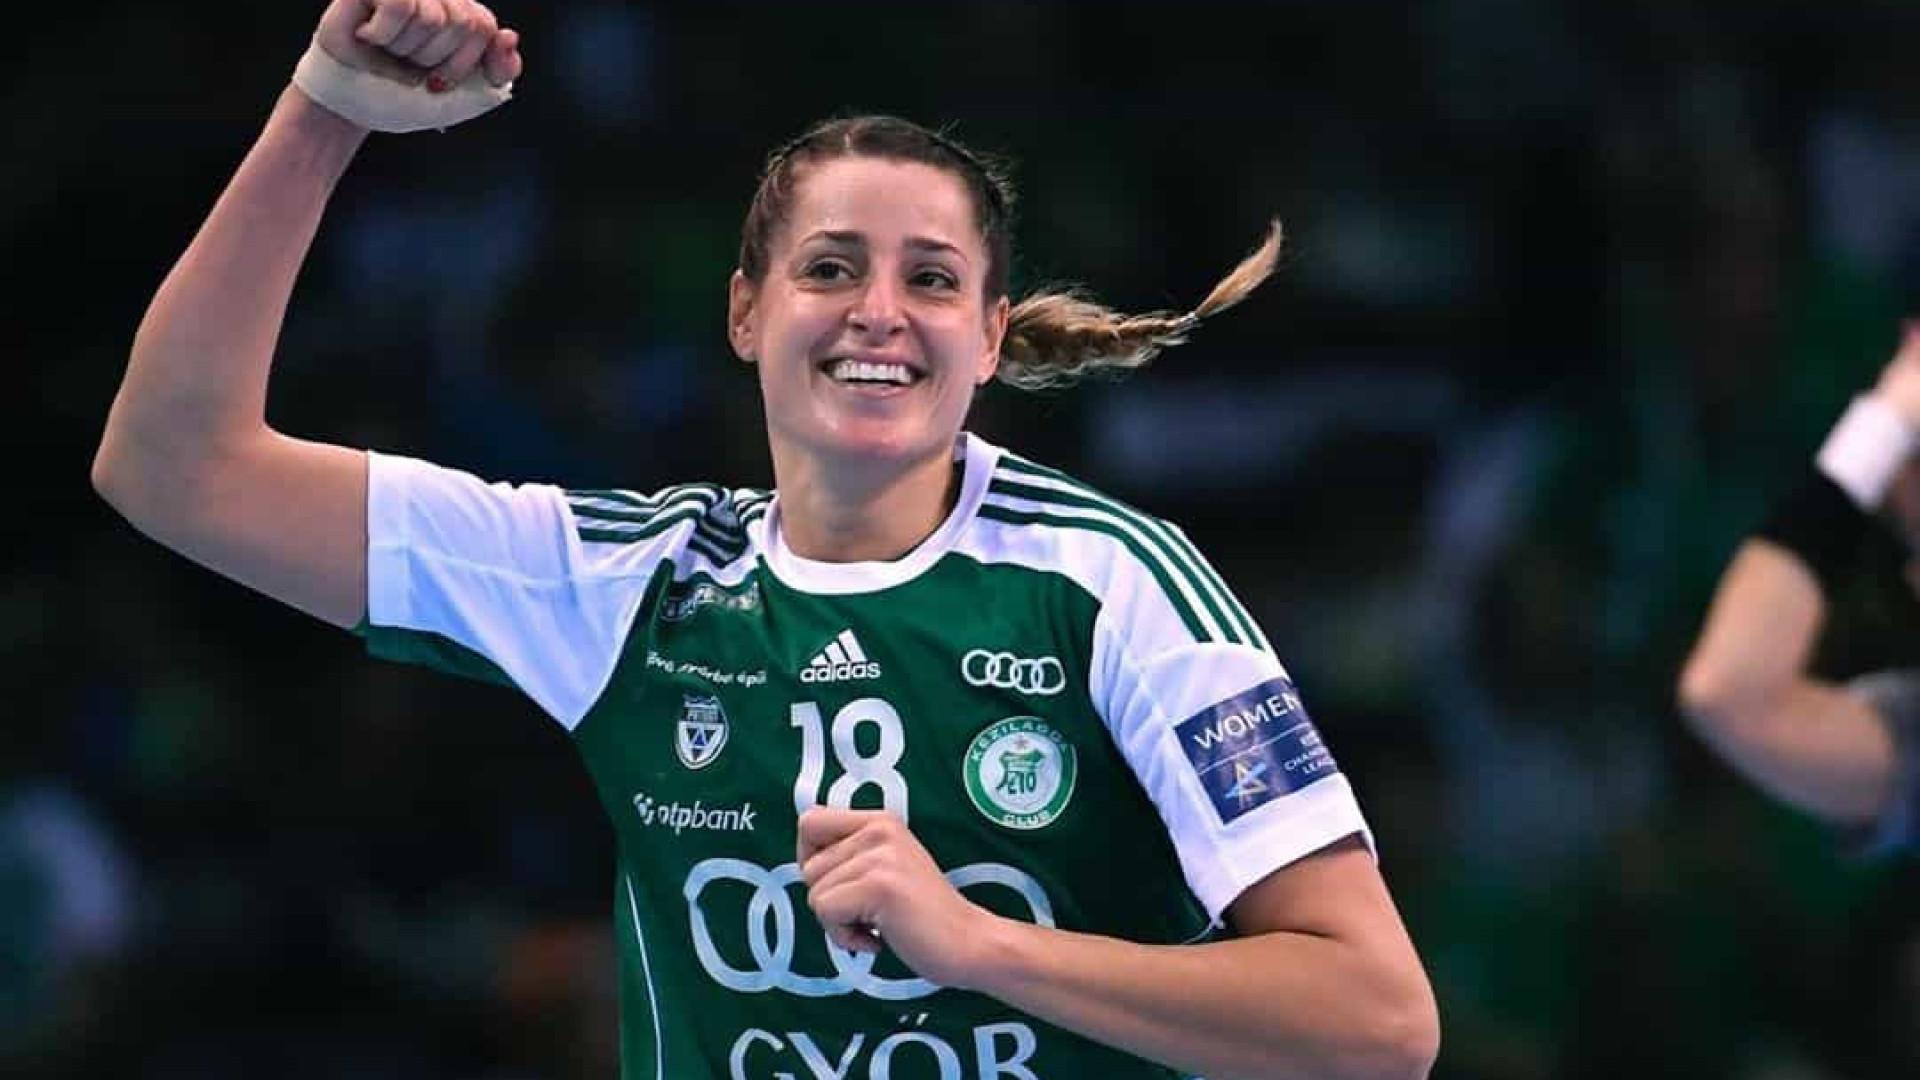 Duda Amorim é eleita a melhor jogadora de handebol da Europa em 2019
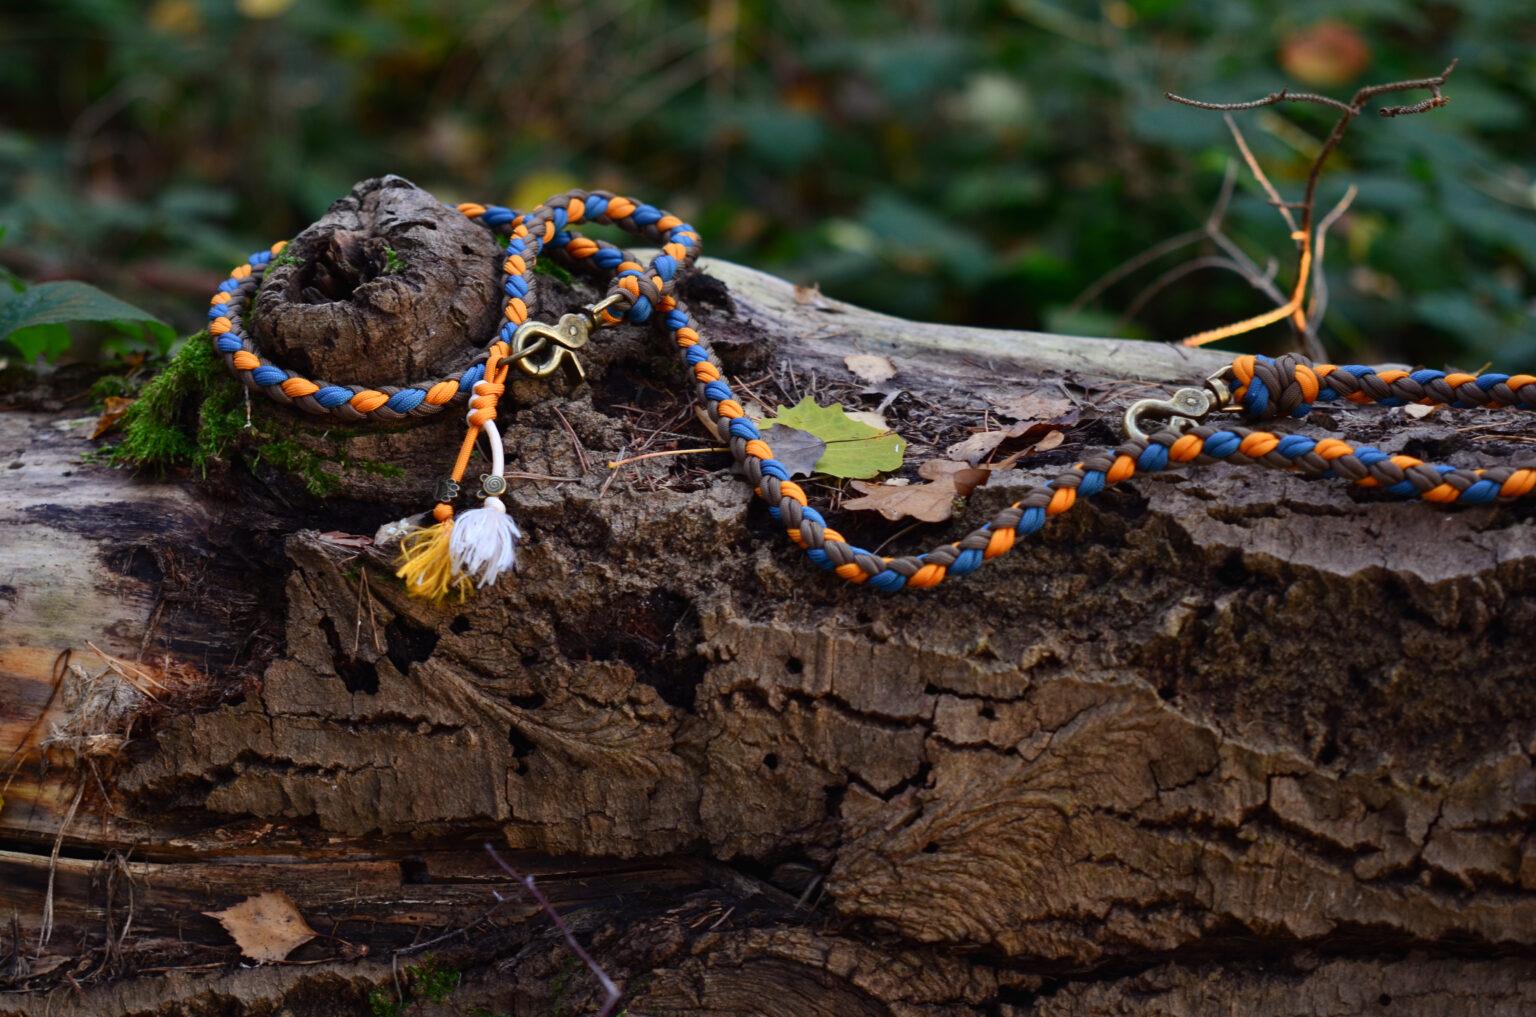 Ein süßes Detail am Ring der Handschlaufe verleiht der wunderschönen Kombination aus Blau, Orange und Braun zusätzlichen Charme.
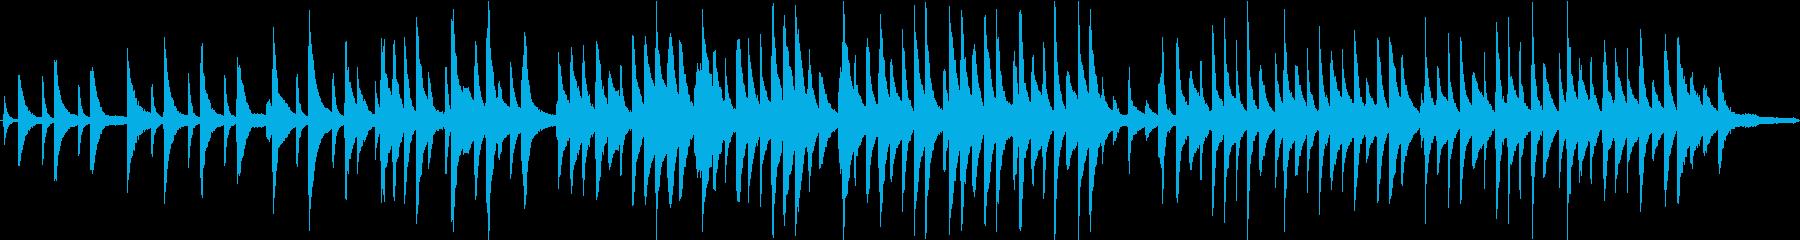 ポエムのような叙情的ピアノソロの再生済みの波形
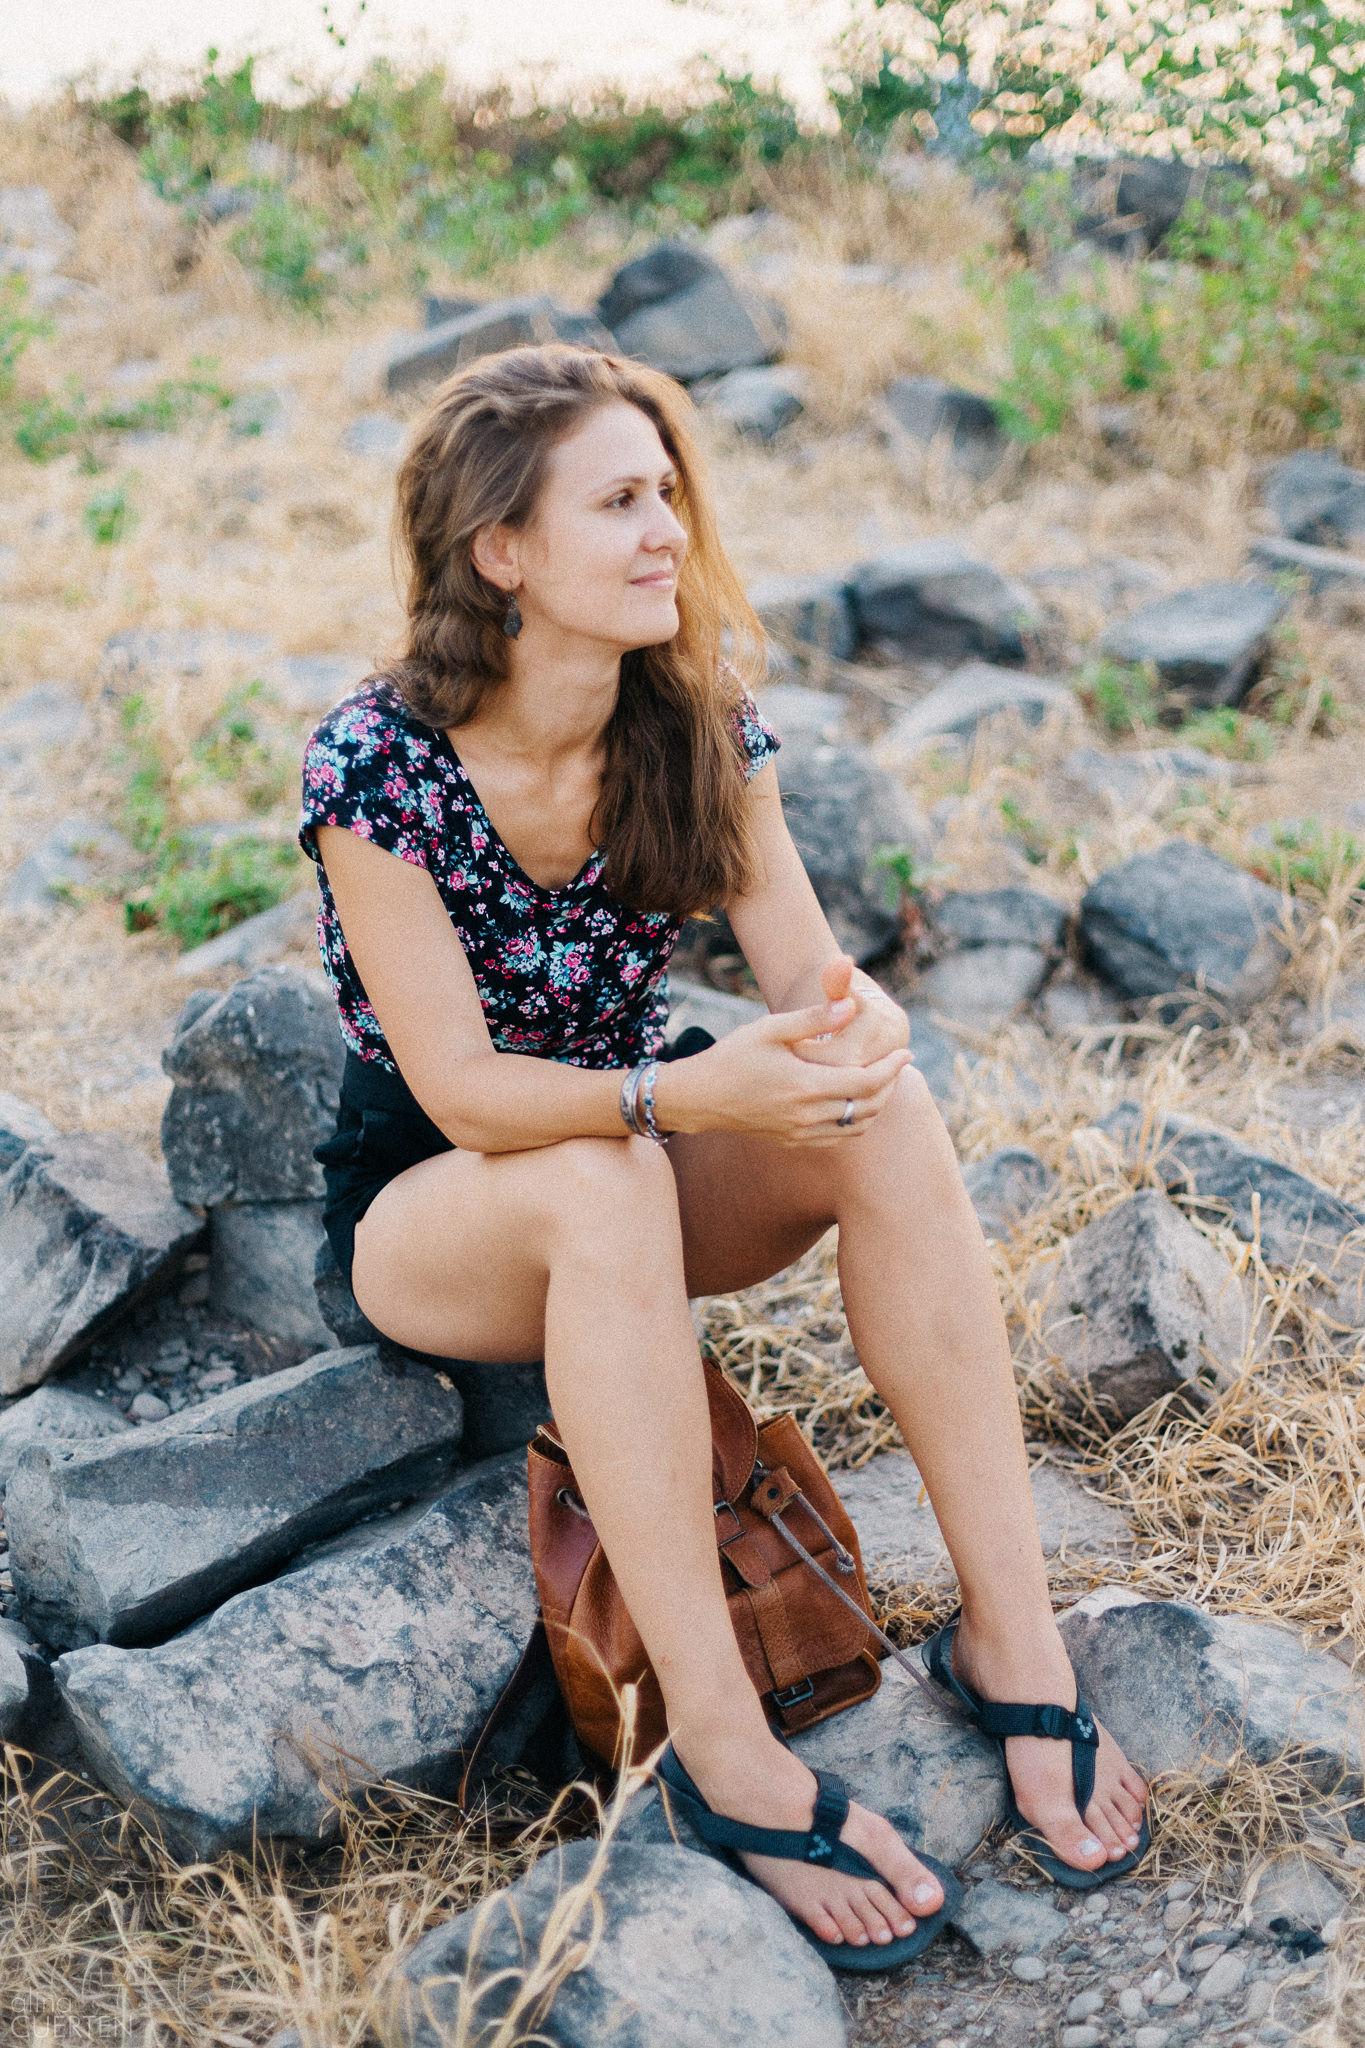 Bodydecoded - Юлия Сианто сидит на камнях
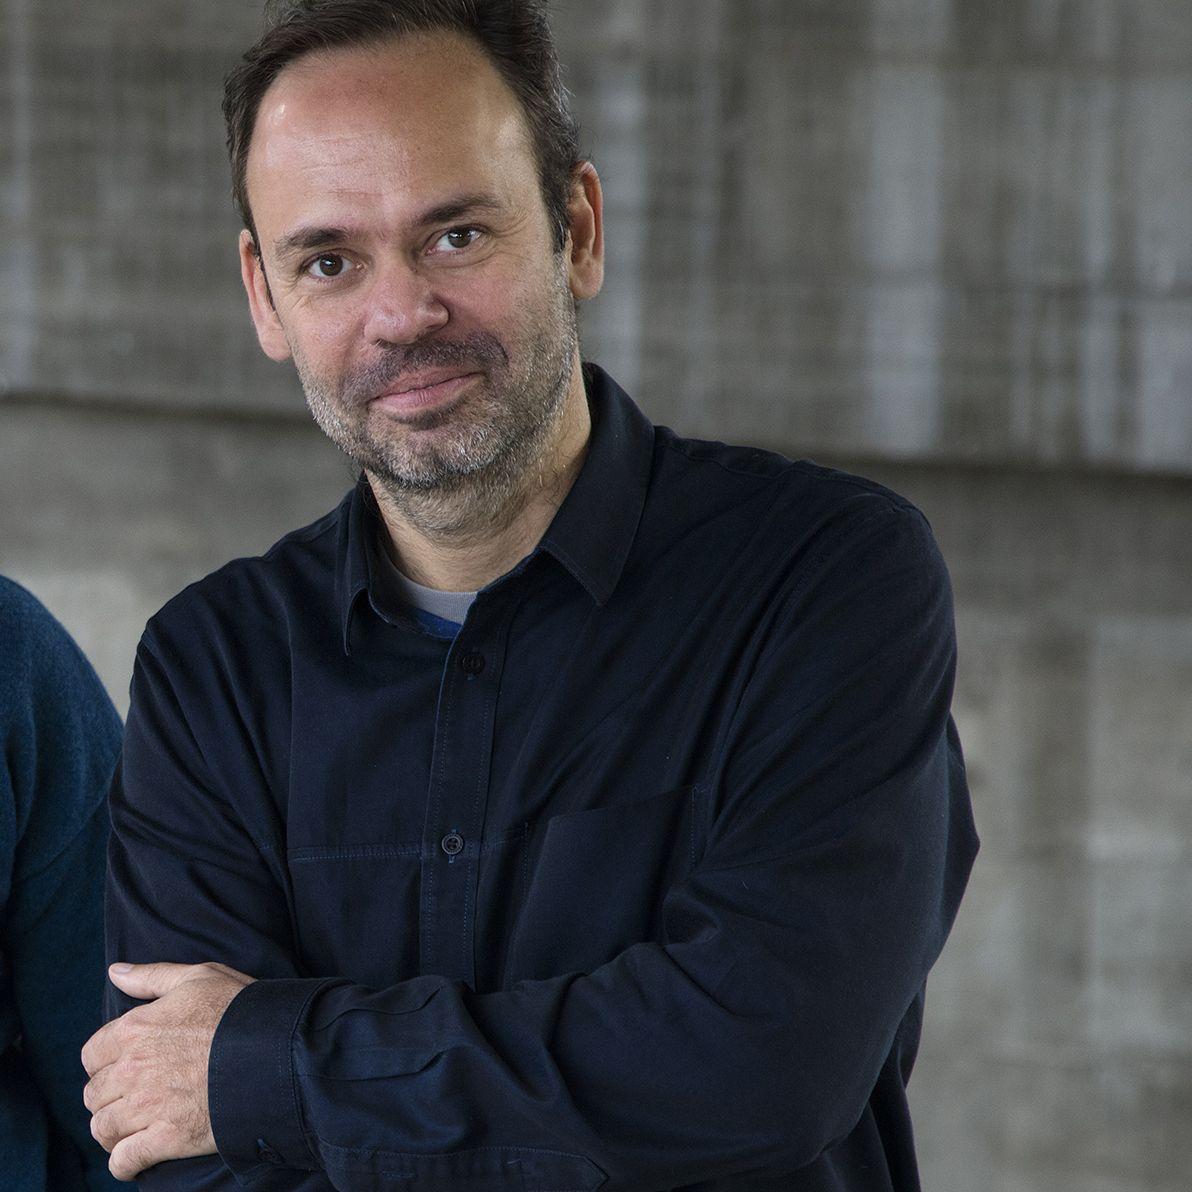 Curadores da exposição de Arquitetura Brasileira, Fernando Serapião, Guilherme Wisnik e Nuno

-*-*-

What you return must match the material above exactly, apart from its pictures.

WRITTEN ANSWER:
 Duda Amorim é eleita a melhor jogadora de handebol da Europa em 2019
 Ein süßes Detail am Ring der Handschlaufe verleiht der wunderschönen Kombination aus Blau, Orange und Braun zusätzlichen Charme.
 ポエムのような叙情的ピアノソロの再生済みの波形
 Bodydecoded - Юлия Сианто сидит на камнях
 Curadores da exposição de Arquitetura Brasileira, Fernando Serapião, Guilherme Wisnik e Nuno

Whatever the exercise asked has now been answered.